Suggestions are sought for interesting questions or motivators for interesting questions to ask, both general ideas and specific.
The mechanics of the SE system (closing, voting, moderating) have been a good method for policing quality. Encouraging prior research, being specific and clear, etc.
But over the years there have always been complaints about the quality of questions. There is one kind of quality that is not addressed and that is: content, the actual subject matter of the questions.
There is a history over the years in this direction (links in this meta question).
And like the weather, no one ever seems to do anything about it.
What are some suggestions for questions, or general areas of questions from which we could generate a little more easily, ideas for questions?

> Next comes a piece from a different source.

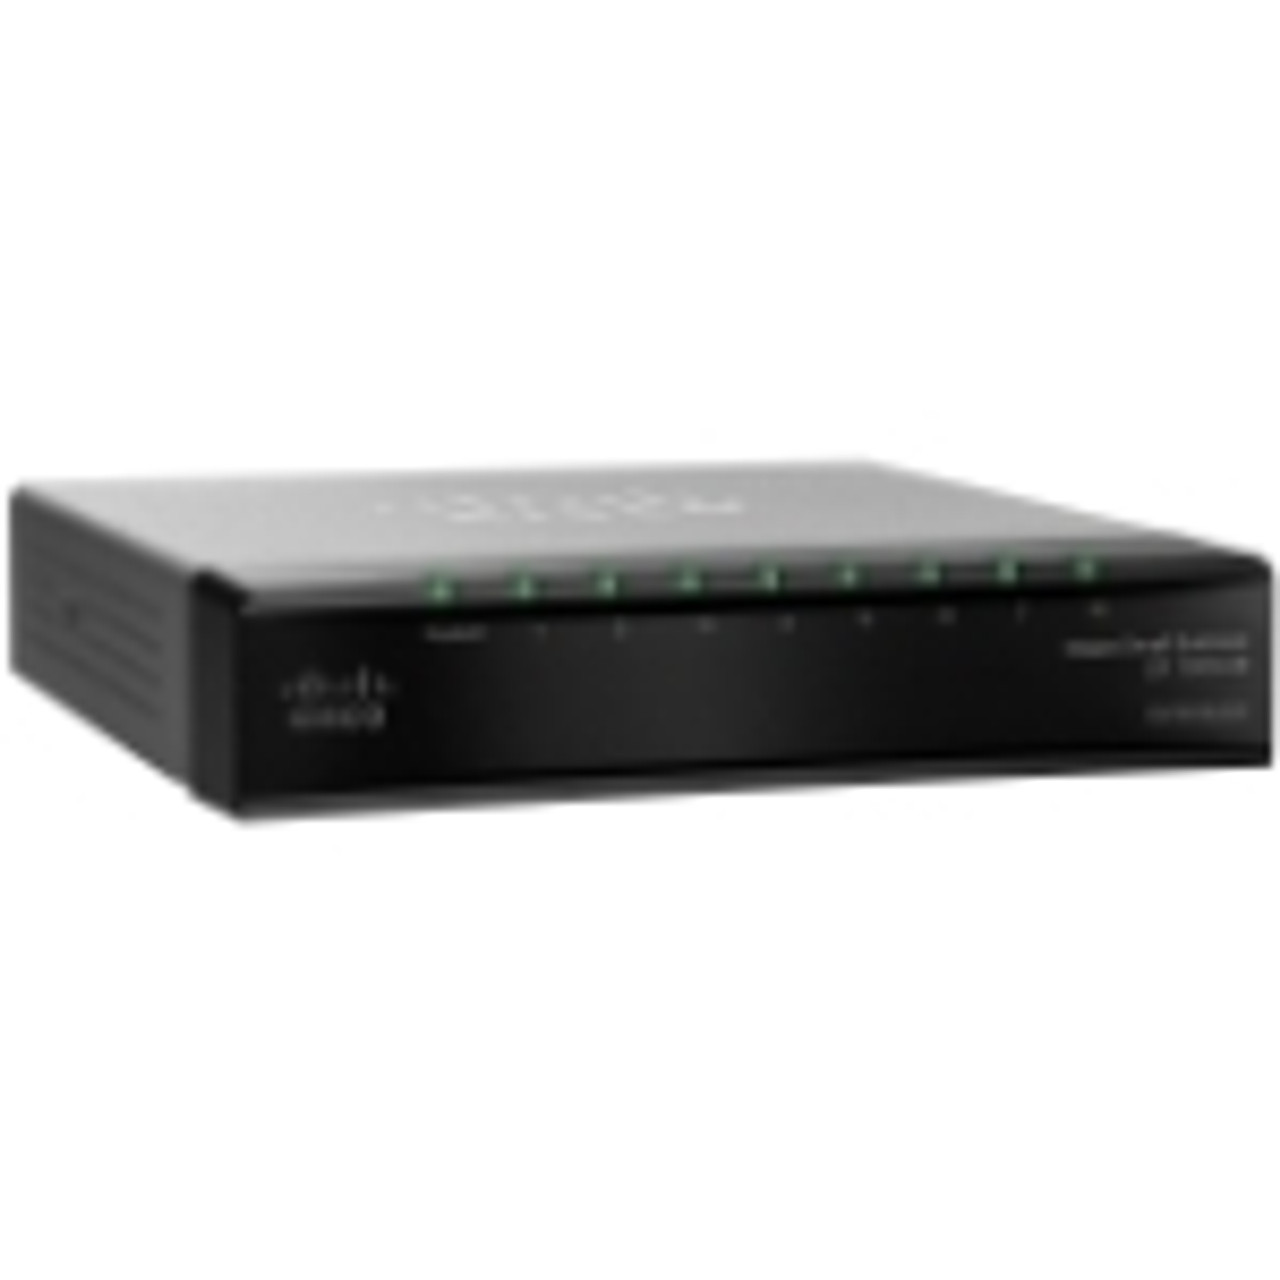 SF100D-08-AU Cisco Unmanaged Desktop Switch 8 Ports 10/100Base-TX Twisted Pair Fast Ethernet 2 Layer Supported Desktop, Wall Mountable (Refurbished)

Yes, this may be a little weird because why ask a question you may already know the answer to since actually asking it may come across as inauthentic. But I think asking interesting questions would be a good spur to ELU
What I am looking for is suggestion areas to help those with experience here to create questions with interesting content.
Here's a vague start:
- Language Log topics - There's a recent LL post about how people pronounce 'sts' at the end of words. What about 'sks' and 'sps' (as in 'whisks' and 'crisps'?
- old William Safire On Language articles for which he botched the answer (eg all of them?).
- Things in the news. I personally feel the 'covfefe' question was idiocy (I have stronger words for all the surrounding commentary), but at least it was interesting.
- Accents produced in media: I'm always watching TV shows that come from the UK (I'm AmE). And so I always have questions about pronunciation and local varieties.
- Where is Yoichi? Those were always great questions even when mechanically off-topic.
Sure, we want non-closable questions - ones that aren't simply "Hey, about them funny Brits and the way they talk with their lorries and crisps and lifts and shit?" - and that are more like "Truck in the US, Lorry in the UK: what is the provenance of the different usage and shit?"
And I'm not looking for people to copy paste Grammar Girl questions and then answers. More to get inspired by a Grammar Girl question then have people try to answer it without having Grammar Girl do it.